Yvonne Wake discusses the importance of eating together – for health and family life.
The role of the family as it relates to nutritional intake in today’s society is becoming a fairly complex one. We seldom make use of a shared meal to punctuate the day and celebrate the great occasions of life, and gone are the days at home when we waited for everyone to come to the table before starting to eat. Unfortunately, family life as we know it has ceased to exist for a large majority of people. It has been suggested that family breakdown in the UK is ‘as big a threat to our society as terrorism, street crime or drugs’. Marriage is no longer fashionable for many, and figures show that weddings taking place are at their lowest level for 144 years. Indeed a recent news report suggested that fewer than two in three grow up in a traditional family compared to nearly three quarters of children when the current government came to power. Furthermore, the latest report on social trends suggests that 24% of children are growing up in one parent families, whereas in the 1950’s, 90% of children in Britain lived with both parents. Are these details relevant to nutritional intake? Well yes in many ways they are. Food is an integral part of our existence, and sociological literature relating to food suggests that factors such as preparing and sharing a meal at home are likely to be important influences in a child’s development, and that a meal is a physical event where everything is prepared and confined by social initiatives.

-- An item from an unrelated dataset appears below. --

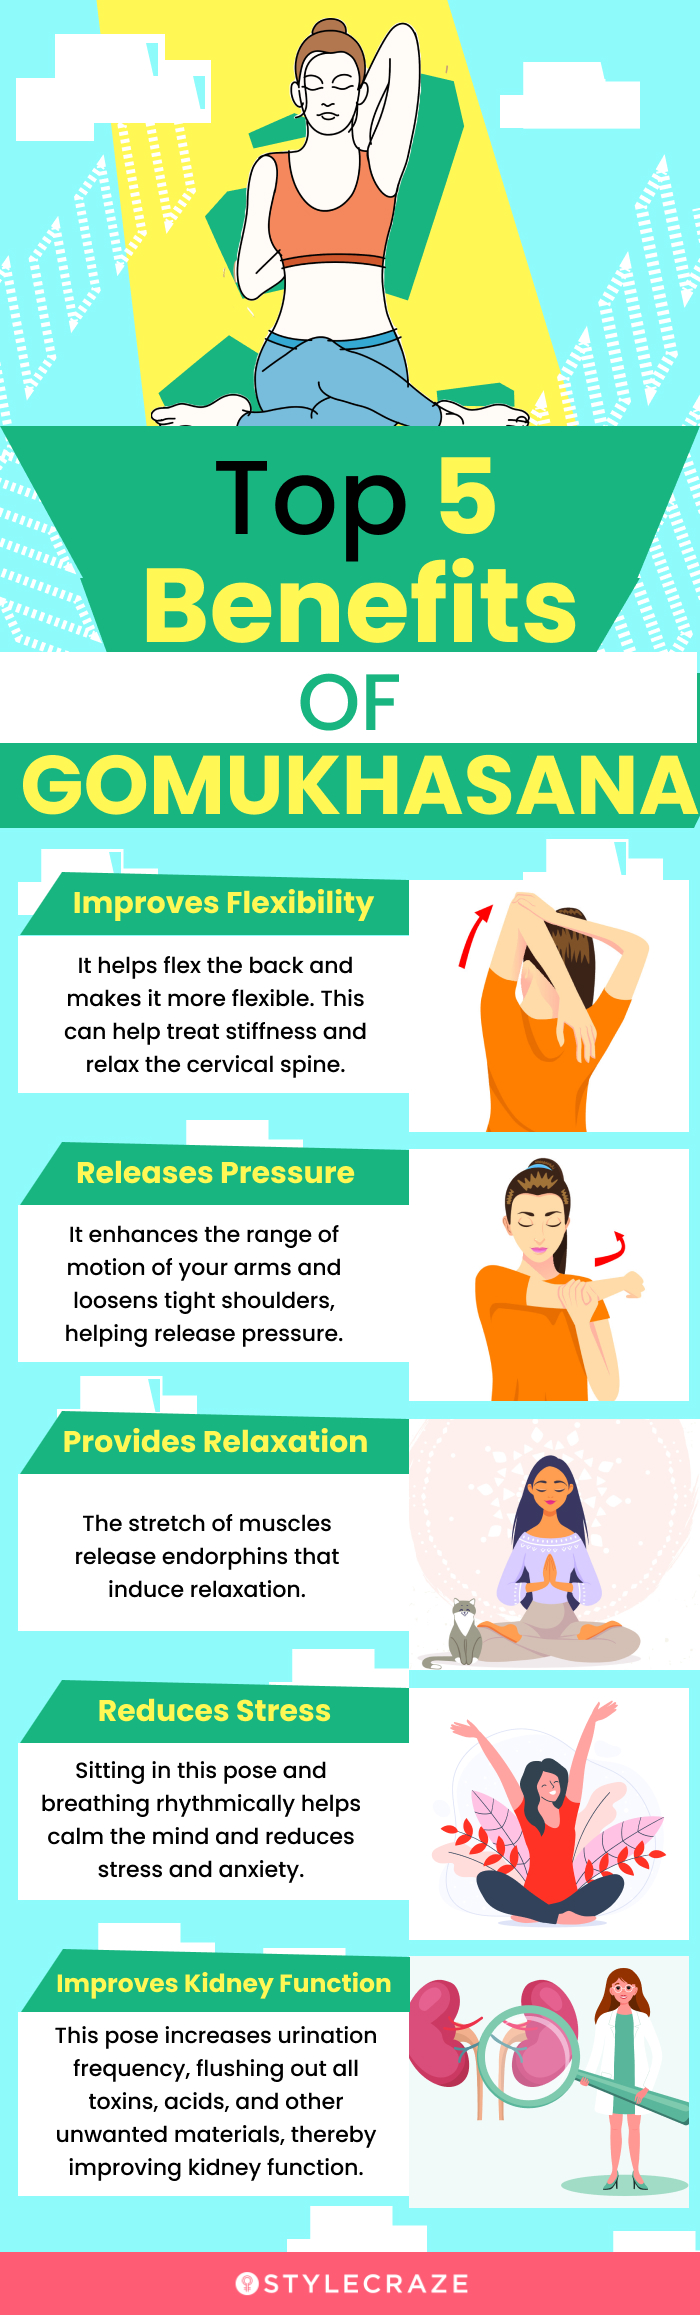 top 5 benefits of gomukhasana (infographic)

Dietary intake in the UK is a major cause for concern and there is much debate relating to obesogenic environments as well as the consumption of excess calories and exceeding recommended intakes of total fat, sugar and salt. The family environment is one of the strongest determinants of dietary behaviour which is expressed through a parent’s belief on good or bad food intakes, parents also influence a child’s exposure to certain foods as well as where the food is eaten, i.e. at the table, or in front of the television. A family environment is also where we learn to socialise with others and understand dietary disciplines such as not eating too fast, waiting for others to finish before leaving the table, and simple things like not speaking with a mouth full of food. From an emotional standpoint, studies have shown that children who frequently ate with their families have better results at school, are less depressed, less likely to drink alcohol, smoke, or use marijuana than children who ate with their families less than twice a week. Children thrive on routines which make them feel secure and loved. Regular meal times all together (regardless of whether the meal is a pizza or a freshly prepared roast dinner) give children the opportunity to discuss problems with family members; it relaxes and encourages them to wind down. They are better friends with their siblings and learn to respect others around the table. Talking to teenagers over dinner is a great way of gaining trust and they are more likely to talk about things that could sometimes feel uncomfortable.
Eating family meals is also associated with better intakes of fruit and vegetables and a lower intake of fried foods, and the influence on adolescent eating patterns is considerable, for example, when children do not eat around a family table, they are more likely to eat ready-made meals of poorer nutritional value.
The old adage of ‘the family that eats together, stays together’ is ringing in my ears, but in today’s hectic world, the family food environment must be seen within the context of our modern society of long working hours, working mothers, increasing numbers of single-parent homes, fewer meals shared as a family because of the growing trend to eat out, as well as modern family habits which are fundamentally different from those of the last generation. There is also an impact on family eating habits as it relates to culture, traditions, religious practices, race, and ethnicity. Our modern world of eating at our desk as we work, in the car, on the move, or just skipping meals because we are so busy, affects us all.
The good news however, is that a first date with that special person still usually means going out for dinner, so all good there. But even better would be to take mum out to celebrate Mothers Day. A sure way to score extra brownie points! You know it makes healthy sense!